Verification: Checking Reasoning Quality

How do you know if the model’s thinking led to a correct answer?

Majority Voting

Generate $N$ independent reasoning traces. Take the most common answer. If 6 of 8 traces produce “34”, that’s the answer.

Success probability with $N$ samples and per-sample accuracy $p$ :

$P_{\text{majority}}(N, p) = \sum_{k=\lceil N/2 \rceil}^{N} \binom{N}{k} p^k (1-p)^{N-k}$

For $p = 0.7$ and $N = 8$ : $P_{\text{majority}} \approx 0.94$ . Much better than $p = 0.7$ alone.

Process Reward Models (PRMs)

Score each step in the reasoning chain, not just the final answer. A PRM assigns a score to each thinking step. The product of step scores gives the overall chain quality:

$\text{PRM\_score}(chain) = \prod_{i=1}^{S} \text{step\_score}(s_i)$

Select the chain with the highest PRM score. This is more effective than majority voting because it evaluates reasoning quality, not just answer consensus.

📊

Verification Methods Compared (AIME 2024)

Method	N samples	Accuracy	Cost Multiplier
Single sample	1	71%	1x
Majority voting N=4	4	82%	4x
Majority voting N=8	8	87%	8x
PRM best-of-4	4	85%	4.2x
PRM best-of-8	8	91%	8.5x

Note: PRM adds ~5% overhead for scoring. At equal sample count, PRM outperforms majority voting by 3-4 percentage points.
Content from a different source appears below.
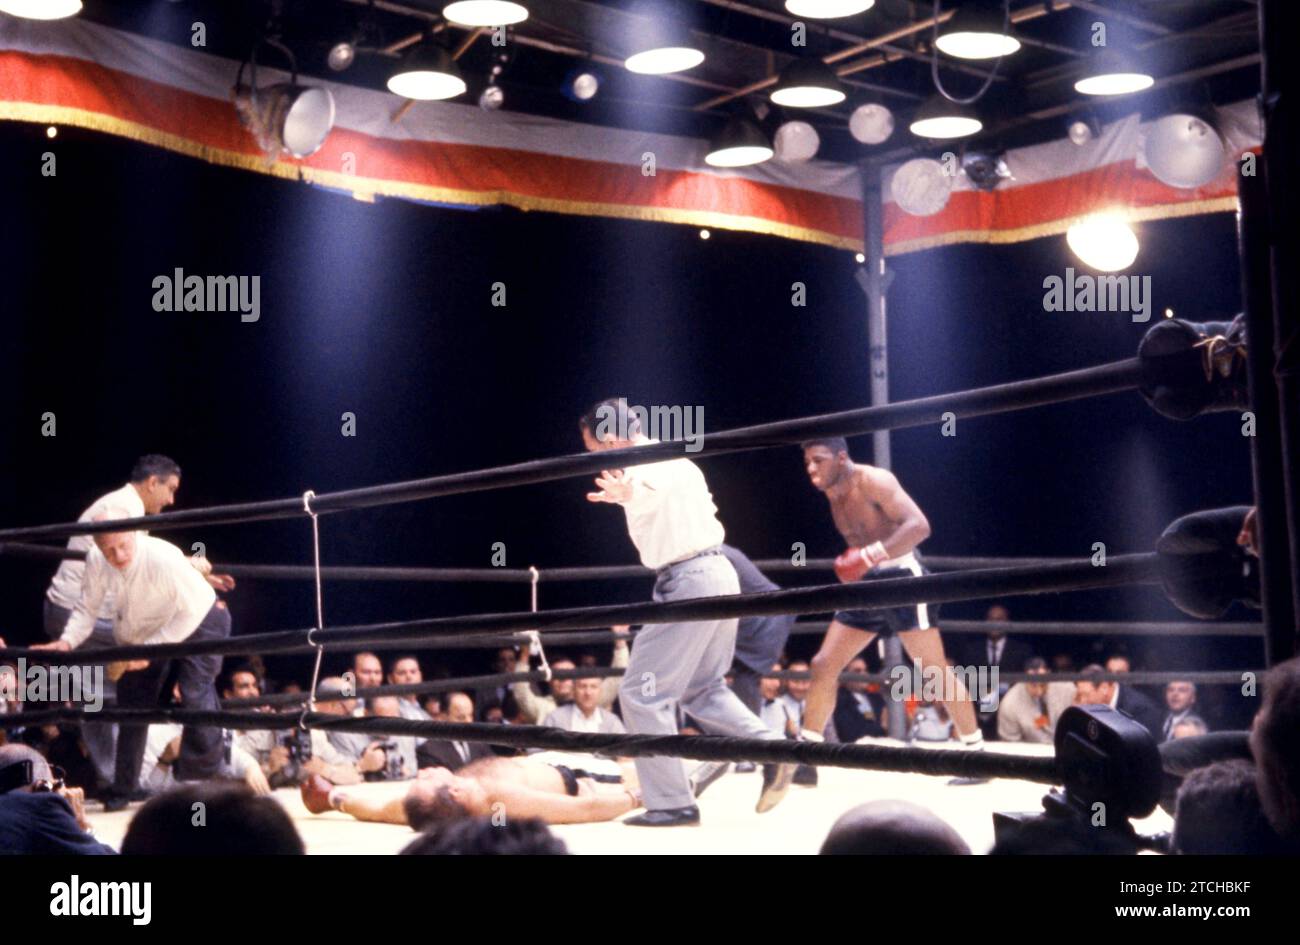 NEW YORK, NY - JUNE 20: Ingemar Johansson (1932-2009) (white trunks) of Sweden is out for the count in the 5th round during the World Heavyweight Title bout with Floyd Patterson (1935-2006) (black trunks) of the United States on June 20, 1960 at the Polo Grounds in New York, New York.  The referee is Arthur Mercante. (Photo by Hy Peskin) *** Local Caption *** Ingemar Johansson;Floyd Patterson;Arthur Mercante Stock Photo

💡 When Verification Is Worth It

Verification multiplies inference cost by $N$ . It is worth it when: (a) the value of a correct answer far exceeds the cost (medical diagnosis, legal analysis, competition math), and (b) the per-sample accuracy is in the 50-85% range (below 50%, even majority voting fails; above 85%, a single sample is usually sufficient).

What This Means for the Field

The reasoning scaling law introduces a new degree of freedom in AI system design:

Smaller models + more thinking can match larger models on reasoning tasks. A 7B model with 10K thinking tokens can outperform a 70B model with direct generation on some math/code tasks.
Inference cost becomes the dominant expense for reasoning-heavy workloads. Training cost is amortized over billions of queries, but inference cost is paid per query.
Serving infrastructure must adapt: variable-length generation, KV cache for 50K+ token sequences, scheduling that handles 250x variance in query cost.
New optimization targets: instead of minimizing per-token latency, minimize cost-per-correct-answer. Sometimes generating 8 cheap samples and voting is cheaper than generating 1 expensive long chain.

The inference-time scaling law is not a replacement for training-time scaling — it is a complement. The future of AI scaling is two-dimensional: train strong base models AND think harder at inference. The optimal point on this frontier depends on the specific task, cost constraints, and latency requirements.